Line by line, the data below should be set down unchanged, with images excluded.

*** INPUT DATA Section Begins ***

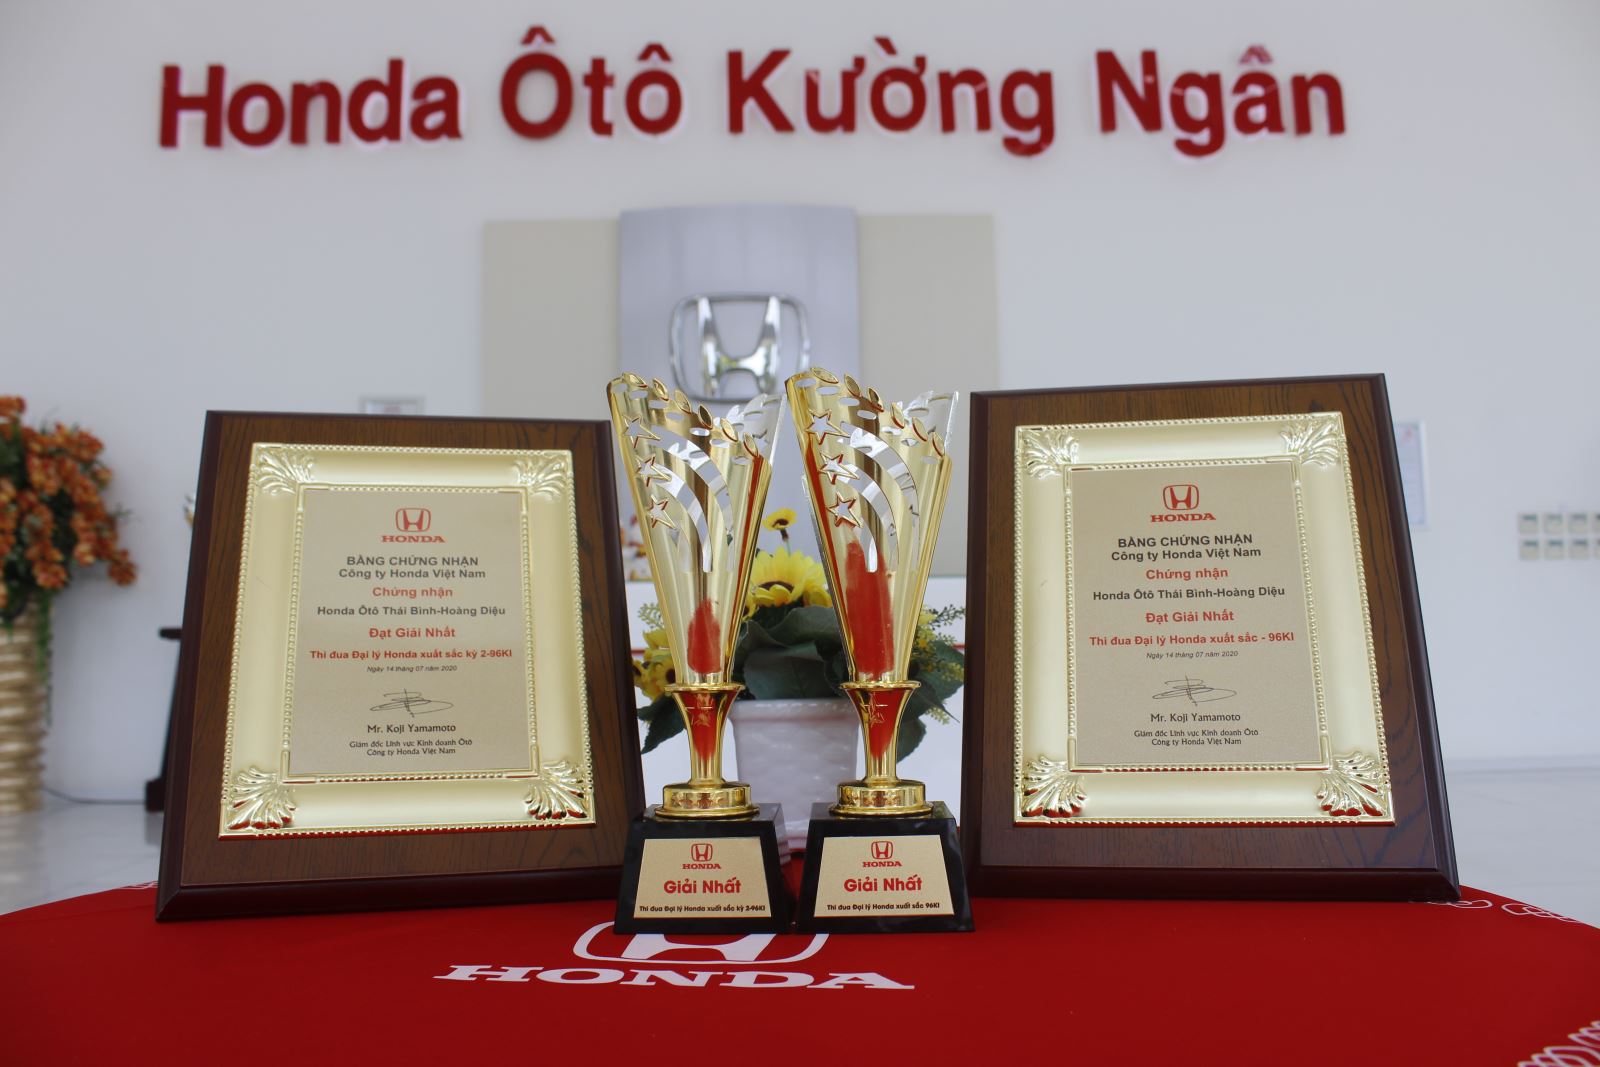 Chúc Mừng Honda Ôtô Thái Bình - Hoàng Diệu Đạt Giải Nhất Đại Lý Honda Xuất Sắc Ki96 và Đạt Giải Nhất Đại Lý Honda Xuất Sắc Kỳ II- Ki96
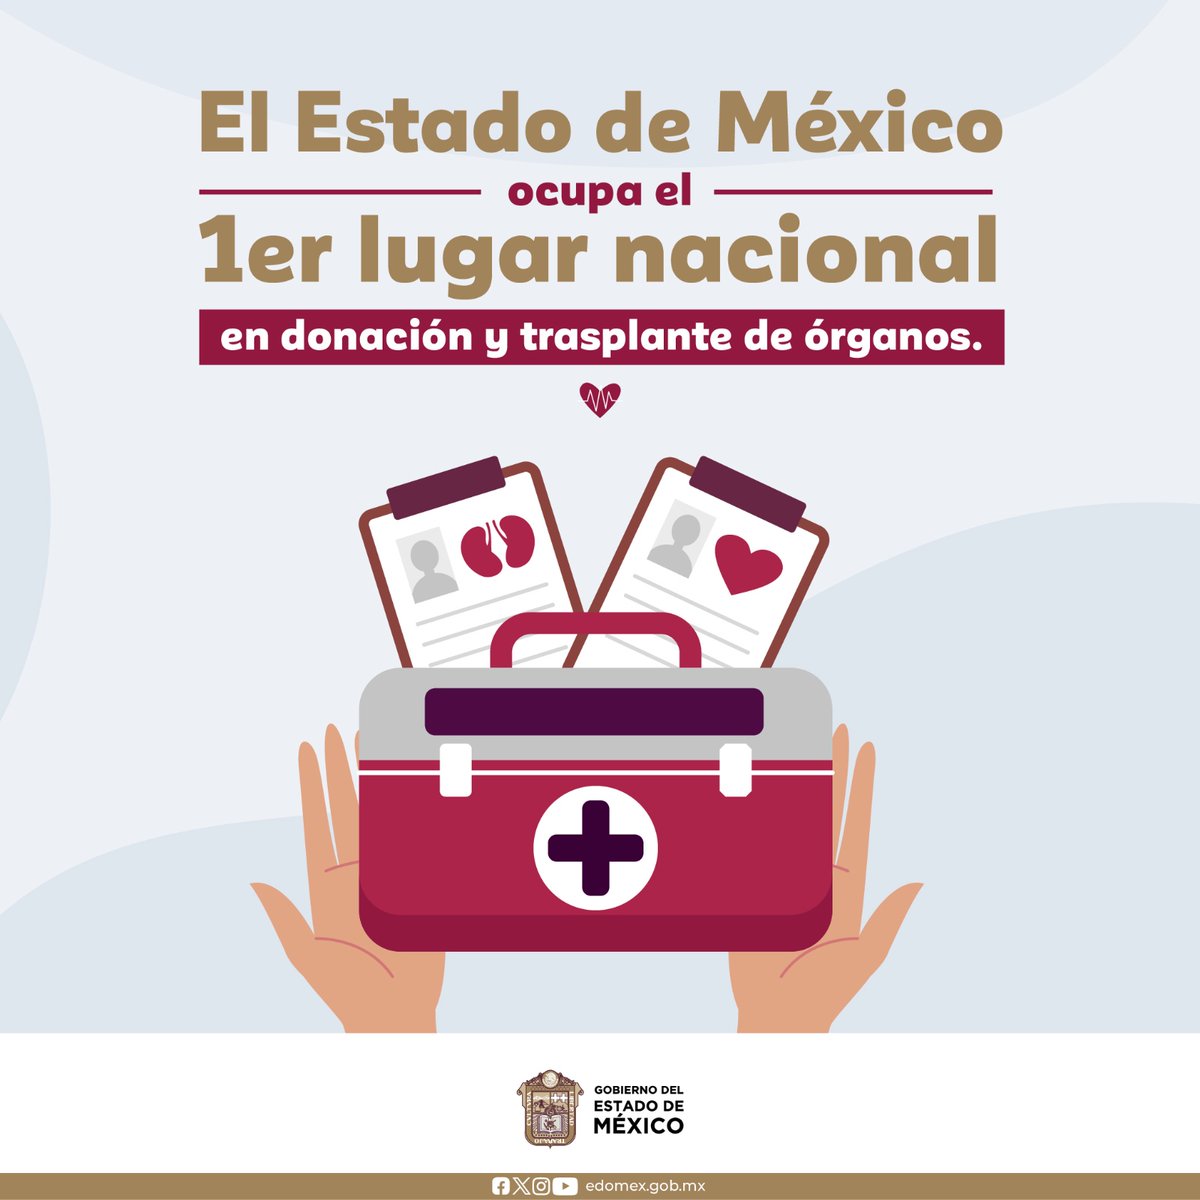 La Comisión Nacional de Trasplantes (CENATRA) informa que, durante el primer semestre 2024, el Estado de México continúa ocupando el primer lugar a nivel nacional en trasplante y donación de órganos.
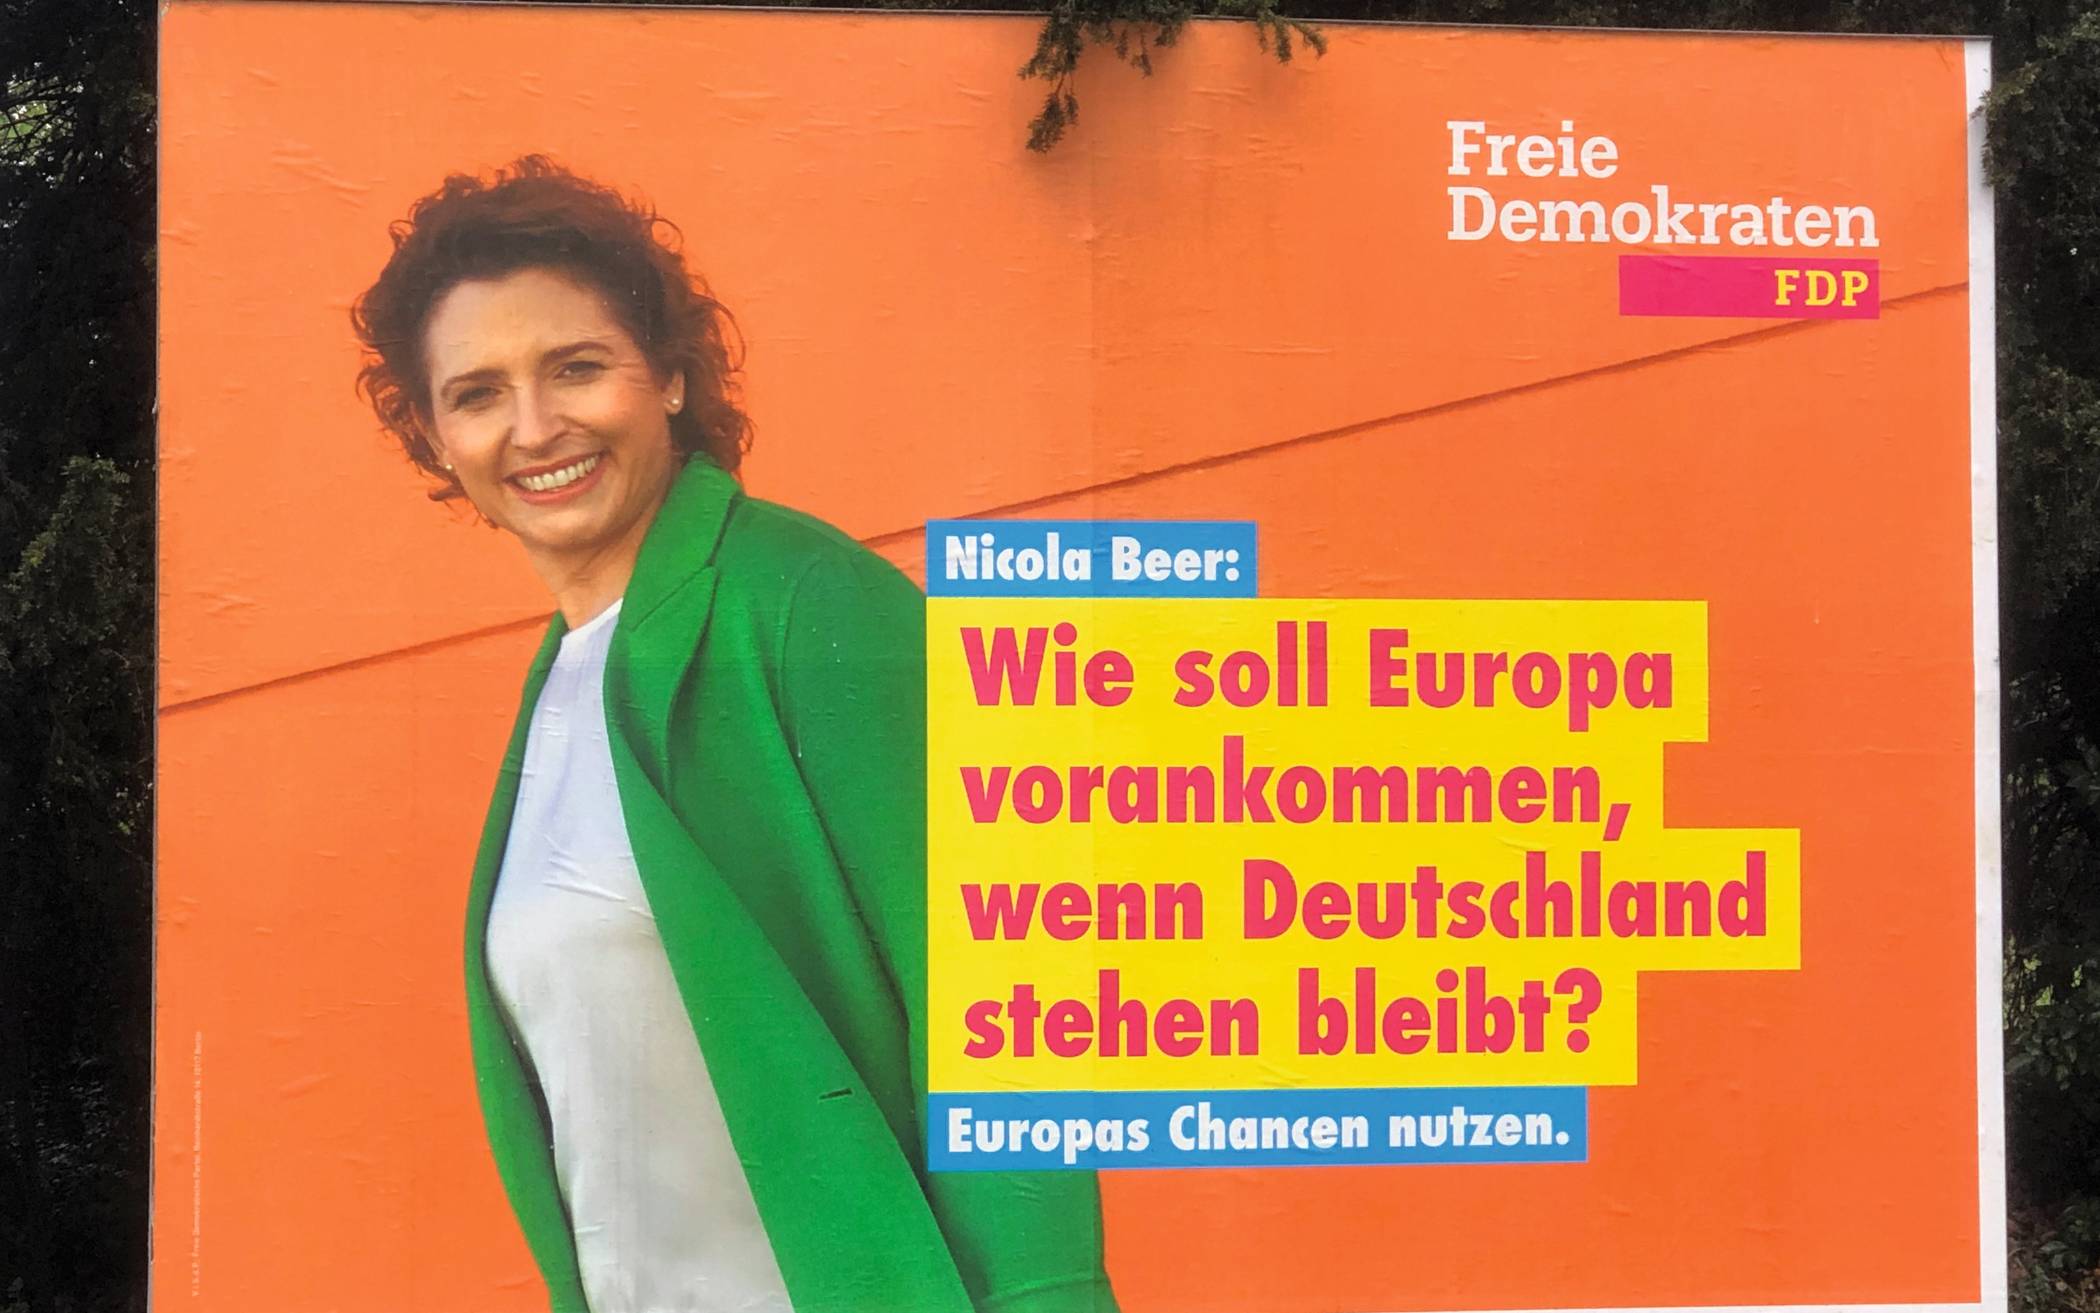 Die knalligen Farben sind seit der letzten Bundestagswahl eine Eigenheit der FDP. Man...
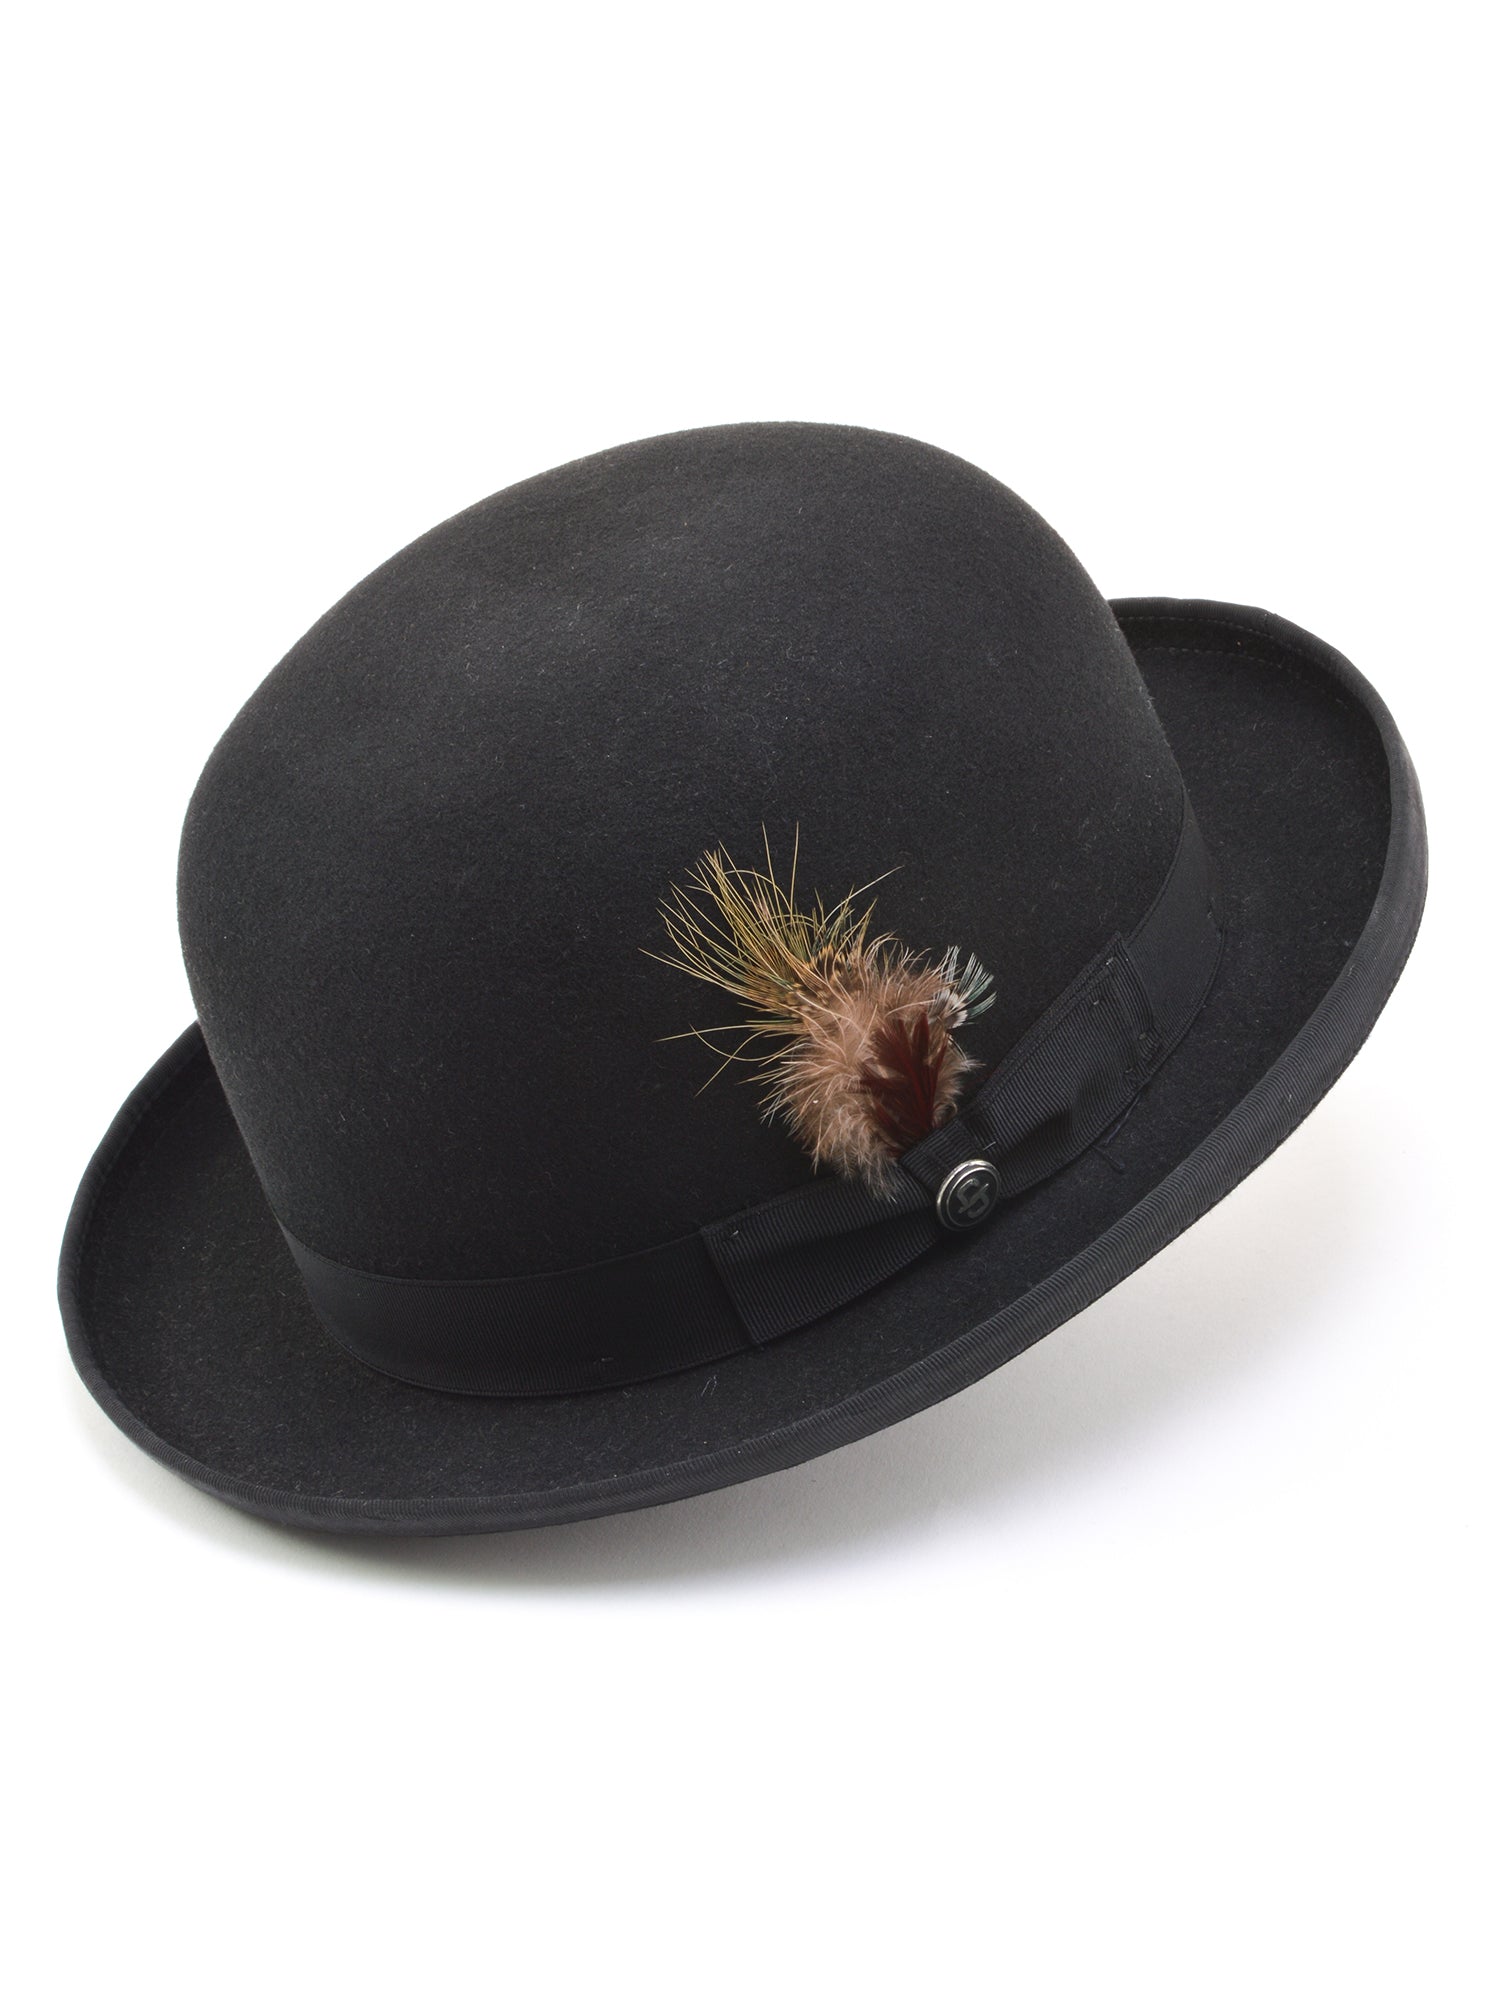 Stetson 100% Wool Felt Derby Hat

*** INPUT DATA Section Ends ***

=== WRITTEN RESPONSE ===
 Chúc Mừng Honda Ôtô Thái Bình - Hoàng Diệu Đạt Giải Nhất Đại Lý Honda Xuất Sắc Ki96 và Đạt Giải Nhất Đại Lý Honda Xuất Sắc Kỳ II- Ki96
 La Comisión Nacional de Trasplantes (CENATRA) informa que, durante el primer semestre 2024, el Estado de México continúa ocupando el primer lugar a nivel nacional en trasplante y donación de órganos.
 Die knalligen Farben sind seit der letzten Bundestagswahl eine Eigenheit der FDP. Man...
 Stetson 100% Wool Felt Derby Hat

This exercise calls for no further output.